Improve MPI scaling for Parthenon applications with many separately enrolled fields

Baseline input for fine_advection in https://github.com/parthenon-hpc-lab/parthenon/pull/1103:

# ========================================================================================
#  (C) (or copyright) 2020-2024. Triad National Security, LLC. All rights reserved.
#
#  This program was produced under U.S. Government contract 89233218CNA000001 for Los
#  Alamos National Laboratory (LANL), which is operated by Triad National Security, LLC
#  for the U.S. Department of Energy/National Nuclear Security Administration.
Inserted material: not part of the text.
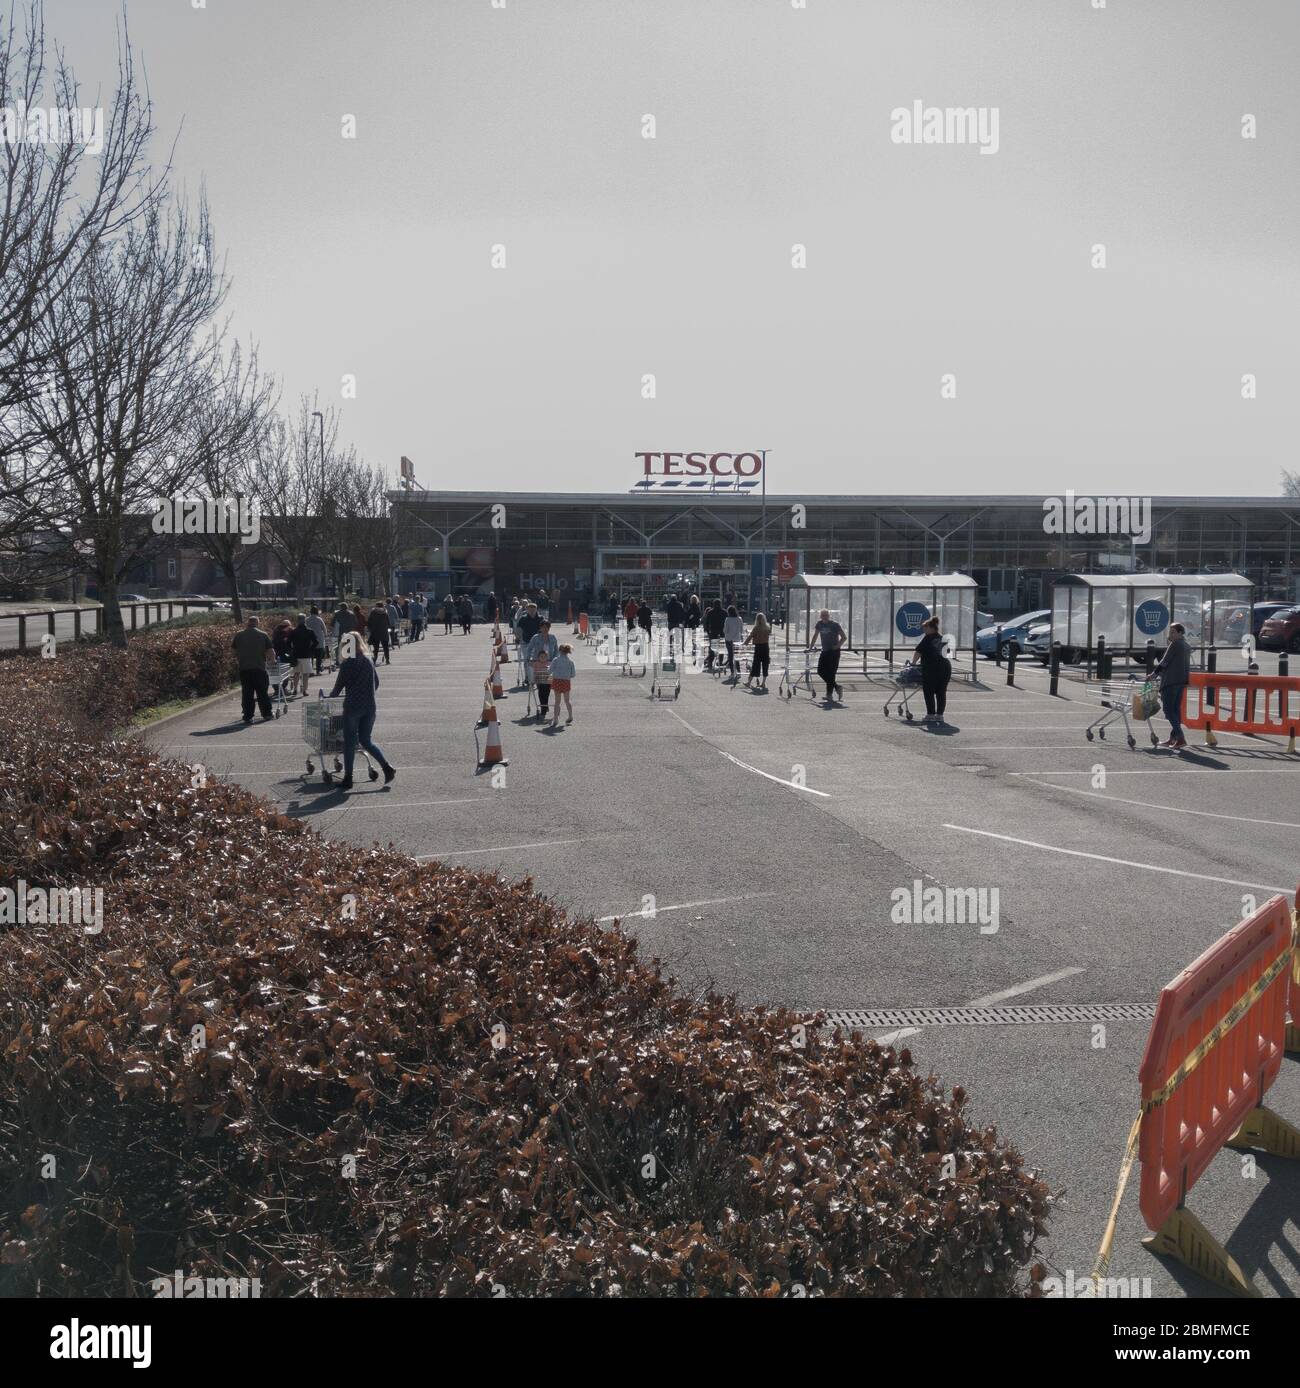 Tesco, Clowne, Chesterfield / U.K - March 26 2020 People queuing up to do the weeks shopping in the U.K. This is midweek at the near the start of the Stock Photo

All rights
#  in the program are reserved by Triad National Security, LLC, and the U.S. Department
#  of Energy/National Nuclear Security Administration. The Government is granted for
#  itself and others acting on its behalf a nonexclusive, paid-up, irrevocable worldwide
#  license in this material to reproduce, prepare derivative works, distribute copies to
#  the public, perform publicly and display publicly, and to permit others to do so.
# ========================================================================================

<parthenon/job>
problem_id = advection

<parthenon/mesh>
refinement = none
#refinement = adaptive
#numlevel = 3

nx1 = 96
x1min = -0.5
x1max = 0.5
ix1_bc = periodic
ox1_bc = periodic

nx2 = 96
x2min = -0.5
x2max = 0.5
ix2_bc = periodic
ox2_bc = periodic

nx3 = 96
x3min = -0.5
x3max = 0.5
ix3_bc = periodic
ox3_bc = periodic

<parthenon/meshblock>
#nx1 = 96
#nx2 = 96
#nx3 = 96
# 27 meshblocks/GPU shows much worse scaling for the fragmented communication case
nx1 = 32
nx2 = 32
nx3 = 32

<parthenon/time>
nlim = 100
tlim = 100.0
integrator = rk2
ncycle_out_mesh = -10000

<Advection>
cfl = 0.45
vx = 1.0
vy = 1.0
vz = 1.0
profile = hard_sphere

# "Fragmented" mode
shape_size = 1
sparse_size = 10
# "Coalesced" mode
#shape_size = 10
#sparse_size = 1
do_regular_advection = true
do_fine_advection = false
do_CT_advection = false
alloc_threshold = 0.0
dealloc_threshold = 0.0

refine_tol = 0.3    # control the package specific refinement tagging function
derefine_tol = 0.03

Secondary

Improve buffer kernel performance for few (large) blocks

Sample input (using plain advection example)

<parthenon/job>
problem_id = advection

<parthenon/mesh>
refinement = none

nx1 = 256
x1min = -0.5
x1max = 0.5
ix1_bc = periodic
ox1_bc = periodic

nx2 = 256
x2min = -0.5
x2max = 0.5
ix2_bc = periodic
ox2_bc = periodic

nx3 = 256
x3min = -0.5
x3max = 0.5
ix3_bc = periodic
ox3_bc = periodic

<parthenon/meshblock>
nx1 = 128
nx2 = 128
nx3 = 128

<parthenon/time>
nlim = 25
tlim = 1.0
integrator = rk2
ncycle_out_mesh = -10000

<Advection>
cfl = 0.45
vx = 1.0
vy = 1.0
vz = 1.0
profile = hard_sphere

refine_tol = 0.3    # control the package specific refinement tagging function
derefine_tol = 0.03
compute_error = false
num_vars = 1 # number of variables
vec_size = 10 # size of each variable
fill_derived = false # whether to fill one-copy test vars

Current performance

Sample performance on a single GH200 (ran above with block sizes of 64, 128 and 256):

nb64.out:|-> 6.62e-02 sec 3.6% 100.0% 0.0% ------ 51 boundary_communication.cpp::96::SendBoundBufs [for]
nb128.out:|-> 1.44e-01 sec 11.0% 100.0% 0.0% ------ 51 boundary_communication.cpp::96::SendBoundBufs [for]
nb256.out:|-> 5.45e-01 sec 25.9% 100.0% 0.0% ------ 51 boundary_communication.cpp::96::SendBoundBufs [for]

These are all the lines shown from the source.